Ask HN: Beyond CRUD and ETL – How to Grow Professionally? - ugenetics
I have near 10 years of experience by now. I have worked on ETL , Data migration , CRUD applications.  I am well familiar with data warehousing and BI concepts and have worked on many projects involving both.  Since last 3 years I have been working with Big Data applications on Hadoop platform mostly writing code in Java and using abstract language&#x2F;platform such as Pig, Spark , RedShift , Hive.<p>I am tired of ETL , data cleaning , slicing and dicing projects now.<p>From business standpoint I have good knowledge of healthcare , insurance, advertising and little bit of finance.<p>I want to contribute to something big and grow professionally.  I work as manager for a mid size company in bay area.  I want to join next company as Director or higher level.<p>What are things I should learn to grow professionally ?<p>What are things I should keep tab on beyond technical knowledge for getting higher roles as Director or VP ?   How do I cultivate the change ?
======
dragonwriter
I think if you want a Director or better kind of position in the technical
side of any organization, what you need probably isn't necessarily more
technical "depth", but a demonstrated track record of delivering value by
proactively applying both technical and organizational/managerial skills to
solve business problems (or capitalize on business opportunities; two sides of
the same thing), preferably problems or opportunities that you identified for
your organization. (You'll probably _also_ gain knowledge, at a high level at
least, of all the technical areas involved in that solution in the course of
doing that, and you can dive into those more deeply if they are interesting to
you, but they aren't the things that are likely to be most critical at getting
the positions you seem to be looking for the industries you are interested
in.)

And, of course, the people skills to sell an organization on both your past
track record of doing that and your ability to do the same in their
organization.

------
davismwfl
You say you want to get to a director level or higher.
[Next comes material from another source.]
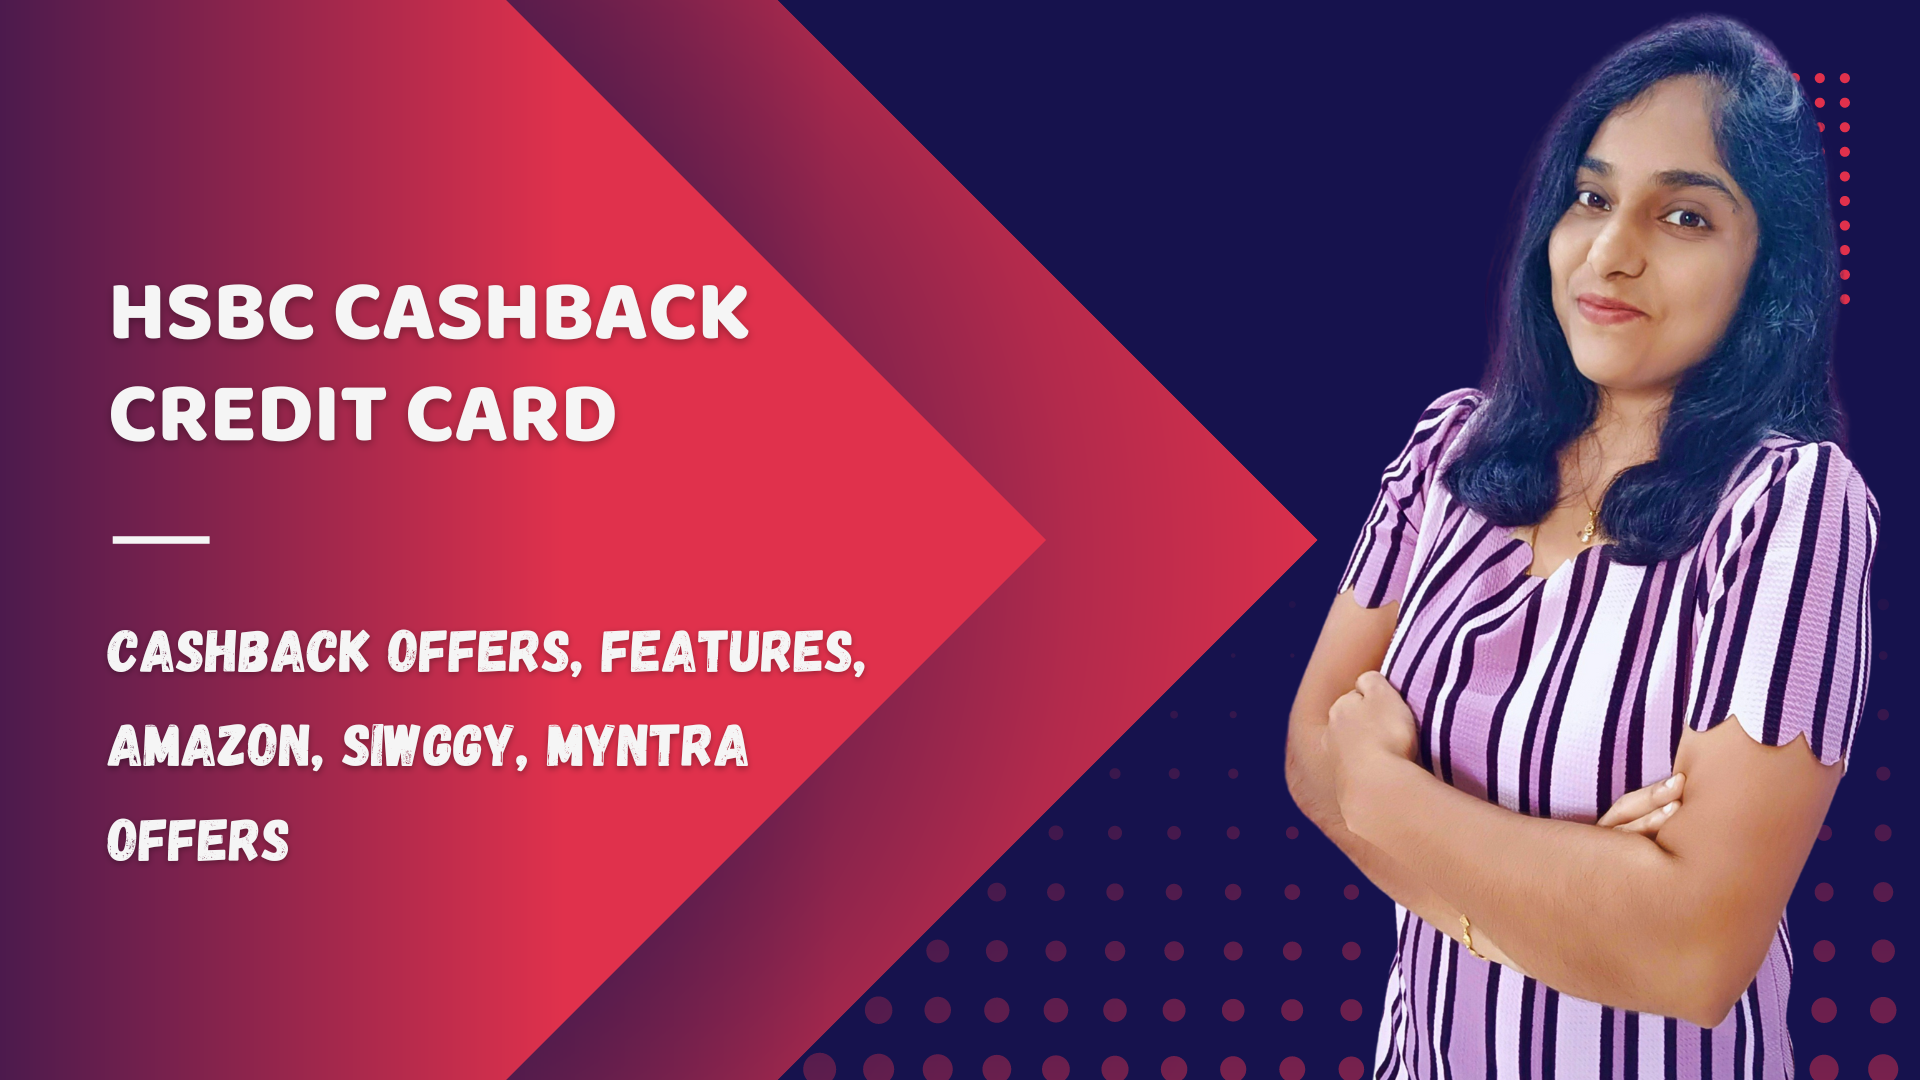 HSBC Cashback Credit Card | Cashback Offers, Features, Amazon, Swiggy, Myntra Offers

Given the industries
you listed no technical skill is going to put you in the Director or Exec
seats at a larger organization. If you were talking SMB then yes, technical
skills could assist you to getting that next level, but even then it is more
about people skills, planning skills, budget management and most of all how to
affect revenue.

What I would say is that people are finally waking up and realizing the data
we collect is where the gold is at, not in selling a widget for $5.99. The
data tells us what to sell, when to sell it, what to price it etc. So
everything you know is driving business today, especially in insurance,
finance and advertising. So don't run from what you know, change your focus
into leading others to do the "tasks" of what it takes and switch your brain
to architecting solutions that make companies more money. Don't be a manager
of people, be a thought leader, an inventor that can turn an idea into action
and quickly.

As for what to do to grow. Seriously, if you don't know a lot about
accounting, learn the basics of how a company runs accounting. Learn how what
you are involved in might affect revenue and how you can personally help
affect revenue with your team. Stop just taking orders to create this next ETL
or report, and invest some extra time to figure out how you can invent a
solution (doesn't have to be fancy) that can help senior execs or help the
company make more money. That is how you can move up, even if it isn't in your
current organization you will be able to say, I thought of, designed and
implemented X that brought the company Y more revenue through Z means. Or I
created X report that allowed the senior team to see data in a way that they
weren't prior and it has lead to Y changes etc. As a last thought, go spend
time with sales teams, they will complain a lot about things they need and
aren't getting. Help them get some of those done and they will love you and
brag about it. They will also then want to see you move up to help them more.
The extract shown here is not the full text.